Connectivity has been restored and engineers are currently investigating.

UPDATE 09:13: Connectivity continues to be intermittent.  We are also experiencing problems with our office Internet connectivity which in turn is affecting our office phone system.  The only common factor in these problems is the underlying fibre network that our data centre provider and our office internet connectivity use: Virgin Media.

UPDATE 09:45: Connectivity has been stable for approx 20 minutes now.  We are waiting for an update regarding the outage and will post it here as soon as we have more information.

Scheduled Emergency Maintenance: 17/03/17

Our upstream network provider has notified us of an upcoming emergency maintenance window.  This work has been identified in order to mitigate a potential issue that has been identified and to mitigate a possible risk of unplanned service interruption.

Please be advised that a maintenance window from 00:00 until 02:00 GMT on 17th March 2017 has been allocated to this work.

Whilst every effort will be made to minimise impact, services we provide such as Internet connectivity, Website Hosting, Email and DNS and should be considered at risk during this period and we will be sending updates before and after the work.

If after the maintenance period has closed you are still encountering issues, please contact us via your usual support channels.

[RESOLVED] Upstream network instability

We’ve just received note from our upstream network provider about occasional instability in their network:

We are currently investigating a network issue which may have impacted customers during the last hour or more.

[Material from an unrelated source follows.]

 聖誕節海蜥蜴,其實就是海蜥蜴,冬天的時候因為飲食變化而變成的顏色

Whilst most services are stable we are still investigating more isolated pockets of instability and we aim to provide a further update shortly.

We will update this post as soon as we receive further information…

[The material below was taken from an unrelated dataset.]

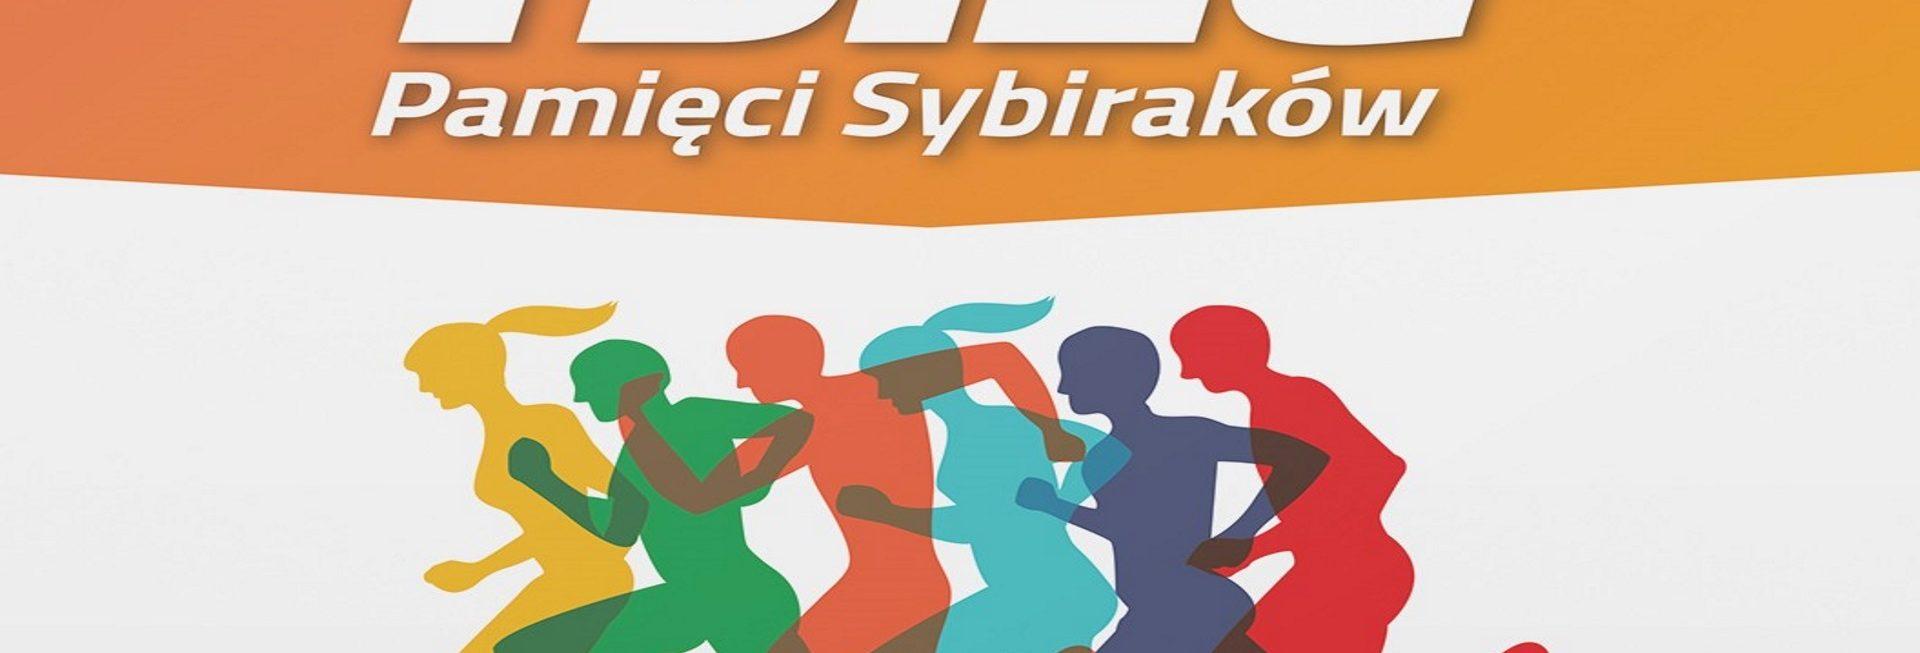 Zdjęcie - plakat, na którym są widoczne graficzne postacie biegnących zawodników. Na plakacie informacja z datą imprezy.

[RESOLVED] Internet connectivity issue

We are currently experiencing issues with our external Internet connectivity.  Engineers are investigating and we will update this post as soon as we have further information.


Update 23:00: It appears one of our VPS customers was the subject of a DDOS attack.  This caused problems with our connectivity as it struggled to cope with the massive flood of incoming traffic.  Traffic levels have returned to normal and we are consulting with our upstream providers to mitigate the problem.

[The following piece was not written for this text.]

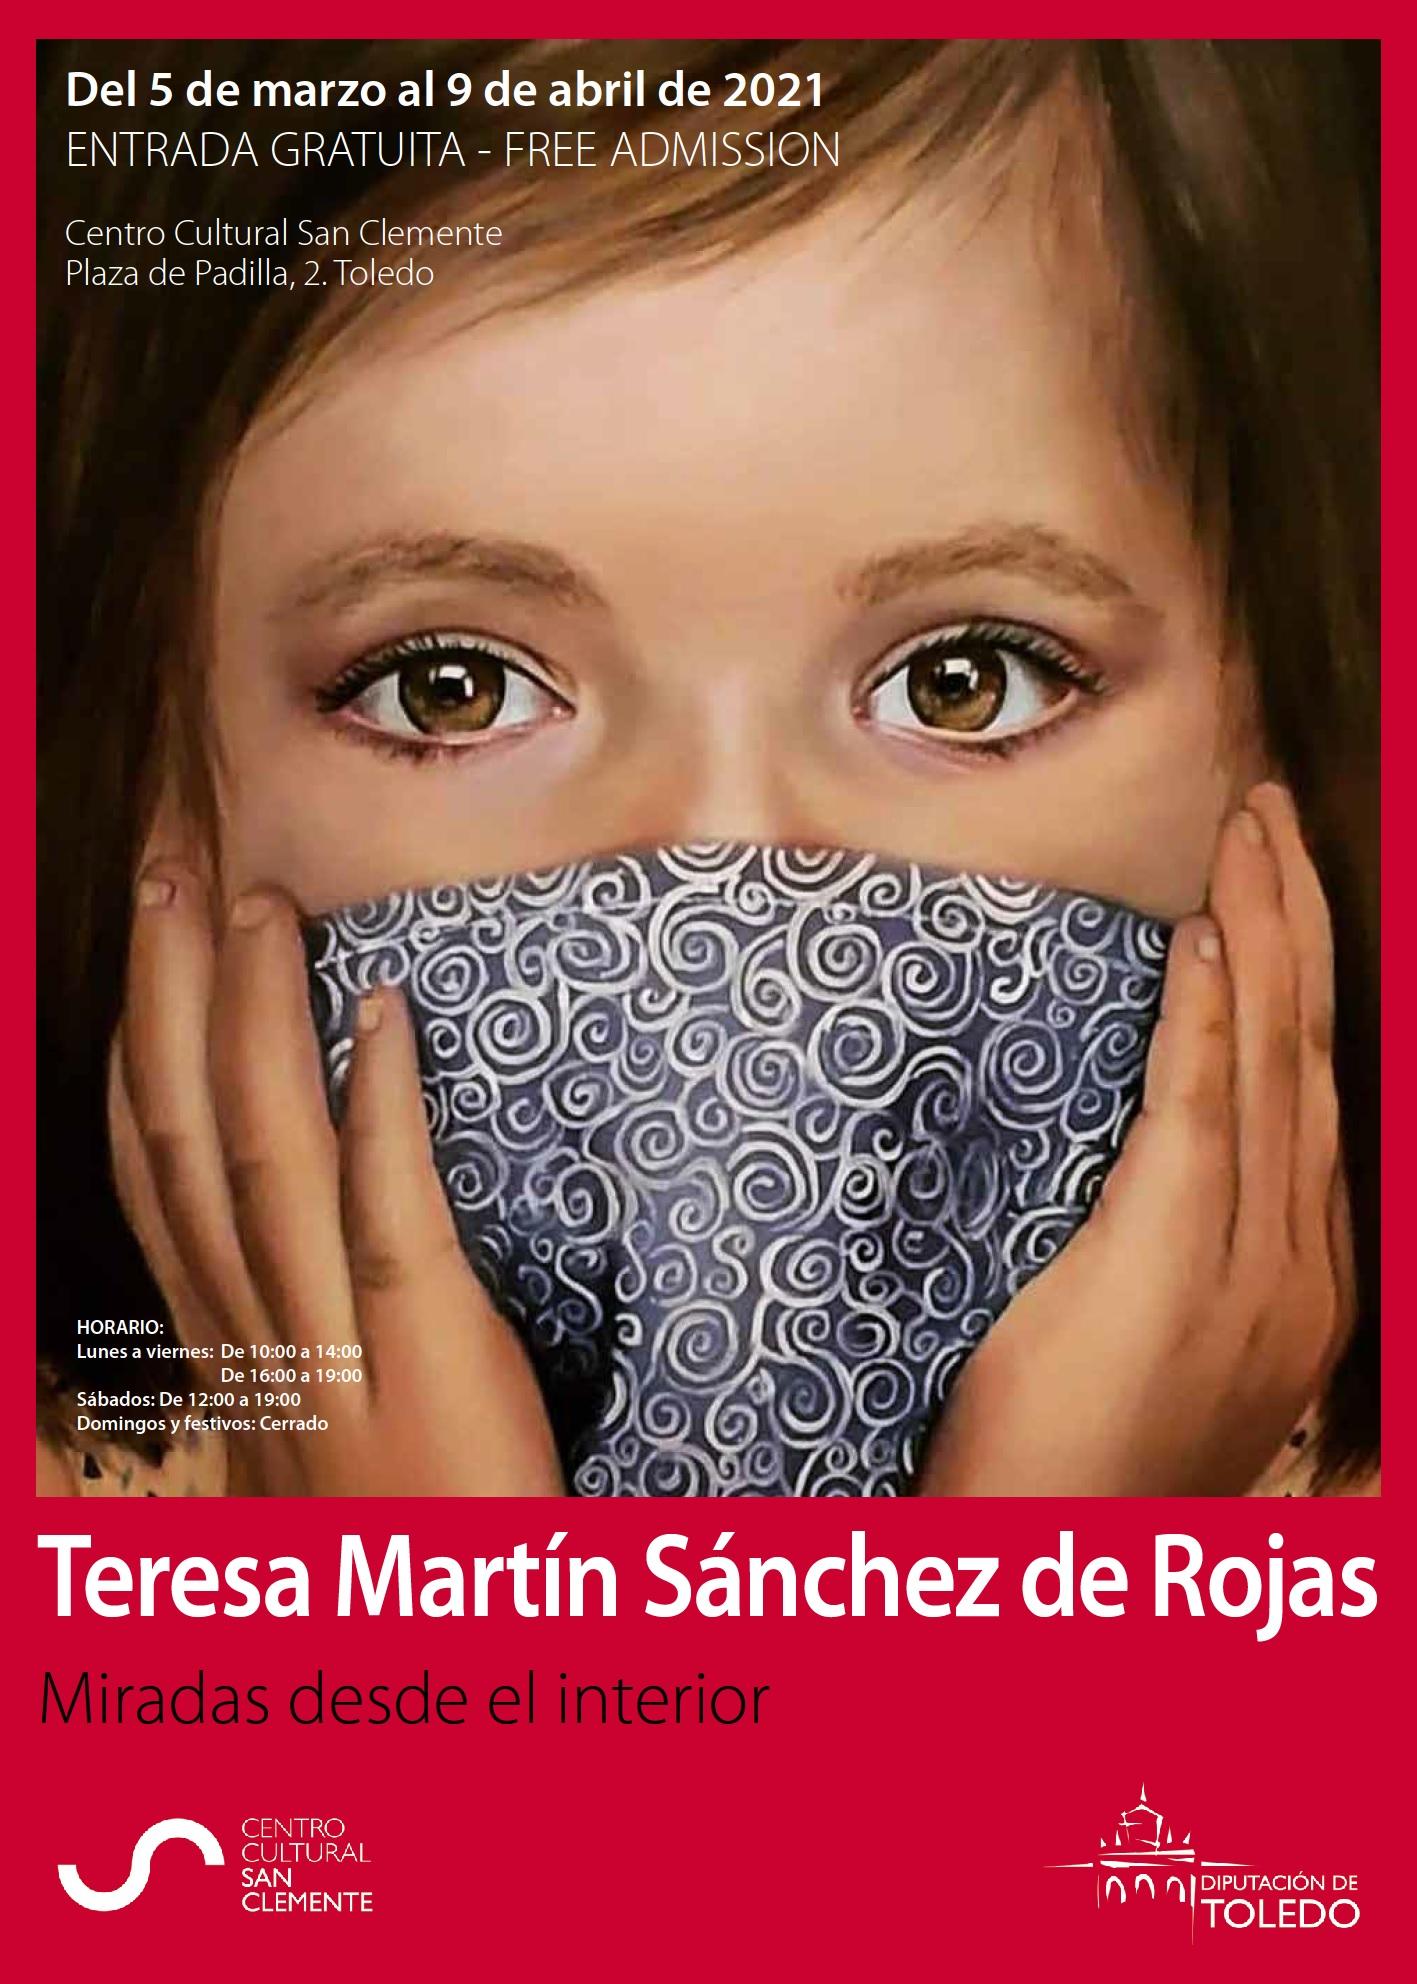 3 - Teresa Martín

[RESOLVED] Network Connectivity Issue

Our upstream network provider is currently suffering from a core network issue.  As a result, this is causing intermittent packet loss on all connectivity into the Zebra network.

Engineers are currently working on the issue and will have the problem resolved as soon as possible.

We will update this post as soon as we have further information.


Update: We have been informed the outage was due to a DDOS attack (Distributed Denial Of Service).  The attack was of such as size that all core network connectivity was affected.  Engineers are interrogating data collected in order to look for any recommendations they can make for further enhancement to optimise network performance and security.

Update 07:30: Apologies for the late update.  As of approx 04:40 this morning engineers believed to have the problem under control.  We are currently monitoring.

Update 04:25: Engineers are continuing to work towards a resolution.

Update 03:00: The root cause of the issue as been identified and engineers are now working on a resolution.

Update 23:50: Engineers are continuing to work to stabilise the network issues. We will update this post as soon we have further information.

Update 22:00: Engineers at our provider are continuing to work on the problem.  We will update this post as soon we have further information.

[RESOLVED] Routing problems within BT connected networks

We are currently seeing routing issues to BT Internet connected locations and 3rd parties who receive service from BT related services.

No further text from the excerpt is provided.